Symbolism, Imagery, Allegory
Much like the vampires, the Marsten House is a symbol of evil. Hubie Marsten was a horrible man who killed many, many people, and the novel suggests that that evil lives on after him, that all of his unspeakable acts left a "dry charge" (2.262).
Marsten's evil brought Barlow to the town and gave him a place to stay. The Marsten murder-suicide has made the Marsten House "unhallowed ground," according to Callahan (14.236); the house sits above the town "like a ruined king" (15.14). It's a sign of the town's evil and corruption, which it both reflects and kind of caused.
In short—bad Marsten House! Bad, bad Marsten House! Shame on you!
Nobody's All Bad
But, is the Marsten House all bad? It's certainly an evil place, but it's just as certainly Ben's evil place—the place in which he had a fright as a child, and which he sees as a center of everything bad.

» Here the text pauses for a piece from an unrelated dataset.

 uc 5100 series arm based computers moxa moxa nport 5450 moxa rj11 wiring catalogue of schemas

For just that reason, it's also a place of controlling evil, or of making sense of badness.
Ben came back to the house to "Confront… my own terrors and evils, maybe… Or maybe just tapping into the atmosphere of the place to write a book scary enough to make me a million dollars. But no matter what, I felt that I was in control of the situation" (5.104). The Marsten House as a symbol is usable; it summarizes all the evil in the town and in Ben's life so he can get a handle on it.

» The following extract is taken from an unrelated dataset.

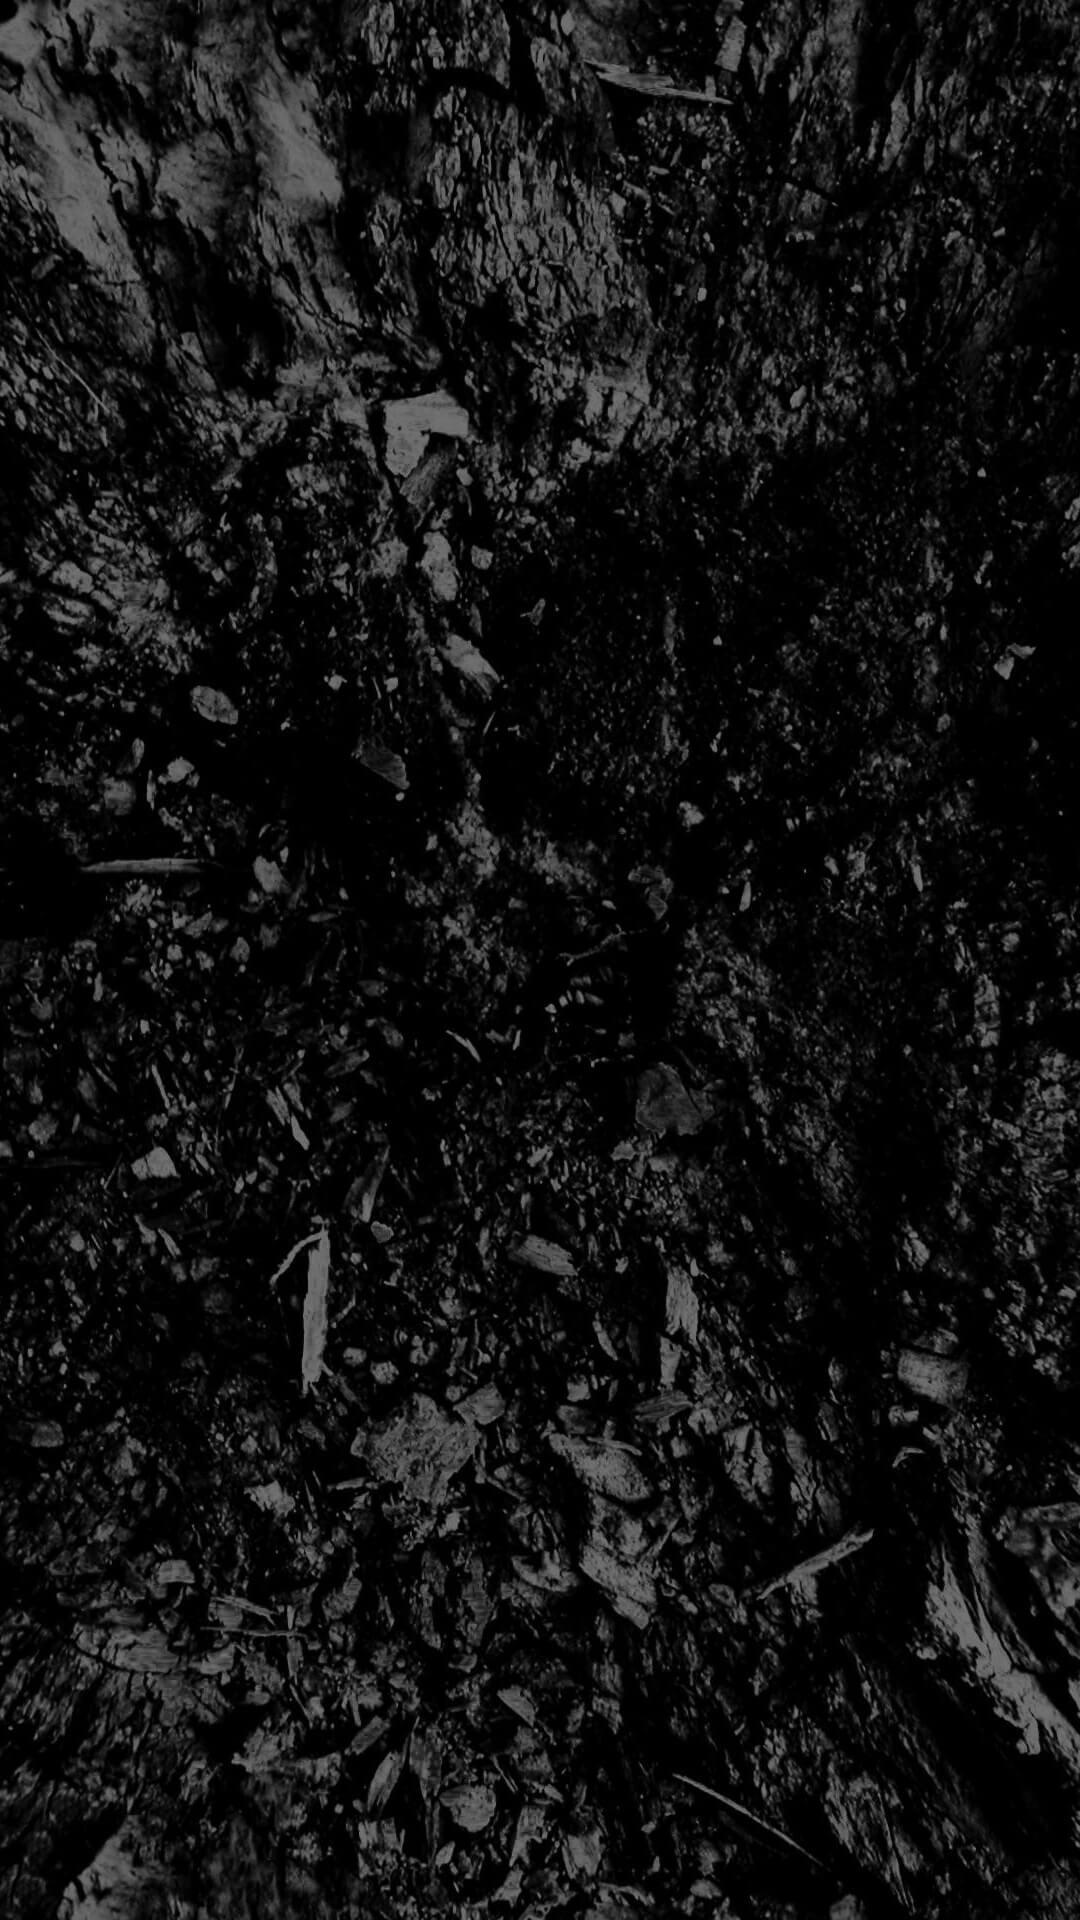 1080x1920 Iphone 5 Wallpaper Tumblr Dark

Ben goes on to say that things are spiraling out of control: the house is occupied, Ralphie Glick is dead, and the house is fighting him. But the slightly hysterical rant seems unconvincing.
And no wonder. Because, while Ben's book about the Marsten House may be out of control, the actual book about the Marsten House, the 'Salem's Lot you're actually reading, isn't out of control. It's doing exactly what Ben wants: it puts the Marsten House, that font of evil, in a story with a beginning, middle, and end, where terrors are (safely) confrontable.